Sermon The Day of Pentecost May 20, 2018

Acts 2:1-21                 Psalm 104:25-35        Romans 8:22-27

             John 15:26-27, 16:4b-15

May these words and our thoughts be acceptable to God, Father, Son and Holy Spirit.

Seven weeks have passed since Easter.  Take a moment and think of all the things that have happened to you in that time.  Now think about the experiences the first Christians had during that same time.  The Resurrection;  frankly that would have been enough excitement for me for all seven weeks and more.  But the disciples had more encounters with the Risen Saviour;  He walked with them;  He ate with them;  twice He came amongst them when they were gathered in fear for their lives;  He had breakfast on the beach with them;  He gathered them together on a mountain, gave them what was to be His final instructions for their life’s mission, and ours too, and Ascended, before their eyes, into the realms of Heaven.  How much more could they take ?  They gathered together on this fiftieth day, a Jewish harvest festival, and then came a rushing of wind about their heads, with great noise, as I wrote this the hairs on the back of my neck stood up, and then the Holy Spirit, like tongues of fire settled on their heads.  The power in the room, was awesome, stuff whirling about in the air, they turned around and around and held on to each other for support, was this the end of the world ?  Would they be consumed by the fire ?  What in the world was happening ?  The sound of the wind was added to by their own cries of fear and wonderment.  Wow !  That’s some seven weeks but it is not over.  They are overtaken by a power beyond their control and spew out words they don’t understand to the people around them, who miraculously do.  The drama is intense.  But like every good party there are killjoys, who don’t believe the evidence of their own eyes.  Don’t worry they will eventually come round.

So the Holy Spirit in this great manifestation came calling.  The Holy Spirit is a part of our Triune God, just as much as your spirit is a part of you, after all we are created in God’s image.  We have bodies, so does God in the Person of Jesus Christ.  We have our minds, intelligence and character, so does God in the Person of the Father.  We have our spirits the part of us that motivates us to do things and to know the difference between right and wrong, so does God in the Person of the Holy Spirit.  It goes without saying that God always knew the difference between right and wrong.  We initially weren’t intended to know the difference between right and wrong so when we upset the apple cart under the Tree of the Knowledge of Good and Evil we upset the beautiful world order that God had created.
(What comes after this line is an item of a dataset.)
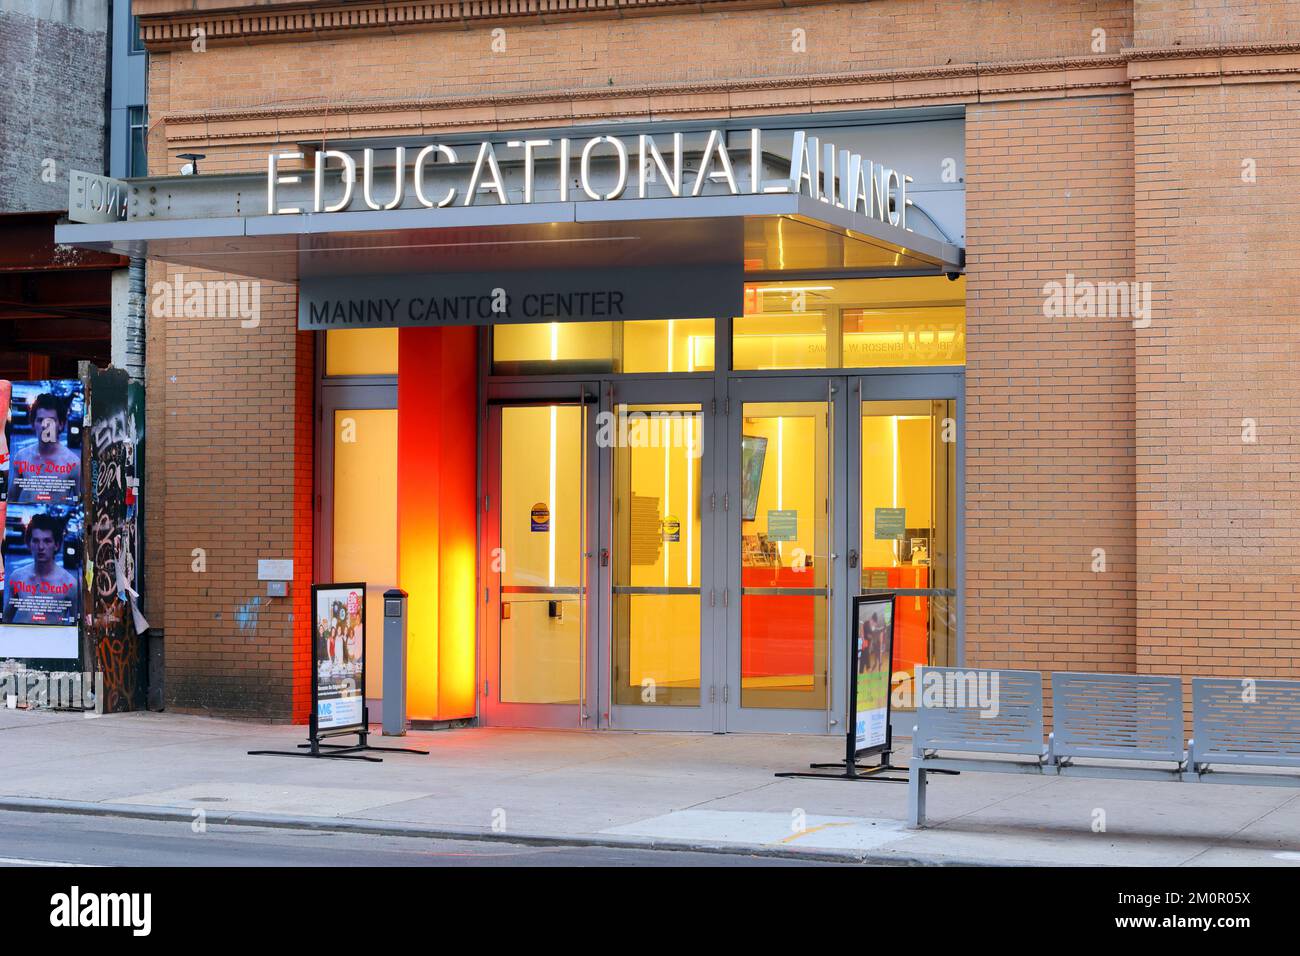 Manny Cantor Center @ Educational Alliance, 197 E Broadway, Nueva York, NYC foto del escaparate de centro comunitario en Manhattan Chinatown/Lower East Side Foto de stock

The Holy Spirit descended upon the disciples and added to their existing human spirits.  Then they were purified and sanctified and inspired just as we are at our Baptisms.  When we are baptized with the Holy Spirit we become different people, just as those first disciples became different people.  We don’t have the same manifestation, I doubt we could stand it, but it happens inwardly any way.

Through the power of the Holy Spirit, as Jesus says, we have a new understanding of sin, righteousness and judgement.  Some other religions, even societies, don’t believe that Sin exists.  All behaviour being what they consider to be natural cannot be sinful in nature.  Others believe Sin only exists within their own group, so it’s ok to do harm to those who don’t belong to their group.  Sin, we understand, to be all actions and thoughts not sanctioned by God’s Word.  But we are to go beyond that.  Whereas others may not lift a finger in anger, they inexplicably will often not lift it to help either.  We know that isn’t right, which leads us to a new understanding of righteousness.  Not only do we believe in  ‘do no harm’, we believe in providing help.  Look at the number of charitable acts done by the Church.  It is obvious that this mindset was started by God the Father, expanded upon by Jesus and nurtured in us by the Holy Spirit.

Then comes Judgment.  From the earliest time judgment has meant that  “you shall not render an unjust judgment; you shall not be partial to the poor or defer to the great:  with justice you shall judge your neighbour”  (Leviticus 19:15)  an early form of the Rule of Law.  Jesus did just that as Isaiah prophesied  “The spirit of the LORD shall rest on him, the spirit of wisdom and understanding, the spirit of counsel and might, the spirit of knowledge and the fear of the LORD.  His delight shall be in the fear of the LORD.  He shall not judge by what his eyes see, or decide by what his ears hear;  but with righteousness he shall judge the poor, and decide with equity for the meek of the earth;  (Isaiah 11:2-4a).  The Spirit rests on us too.  We are cautioned about judging others  (Matthew 7:1,2)  because we will be held accountable for our judgements.  It is surely impossible to go through life without judging people, situations, actions and things.  It is therefore essential for us to make careful judgements.  That doesn’t happen on many occasions or in societies.  Judgements are often self-serving and are contrary to the Christian way.  So we definitely need to call upon the Holy Spirit, in prayer to show us the right way that’s why He came, He is the Advocate for justice.  With honesty pray about the situation, defer to other than your personal preference, if the other way becomes the righteous way.

Let us pray.  Come Holy Spirit and renew the face of the Earth.  Grant us the power to discern sin, act righteously and judge equitably and thereby help to usher in your perfect Kingdom.  Amen and Alleluia.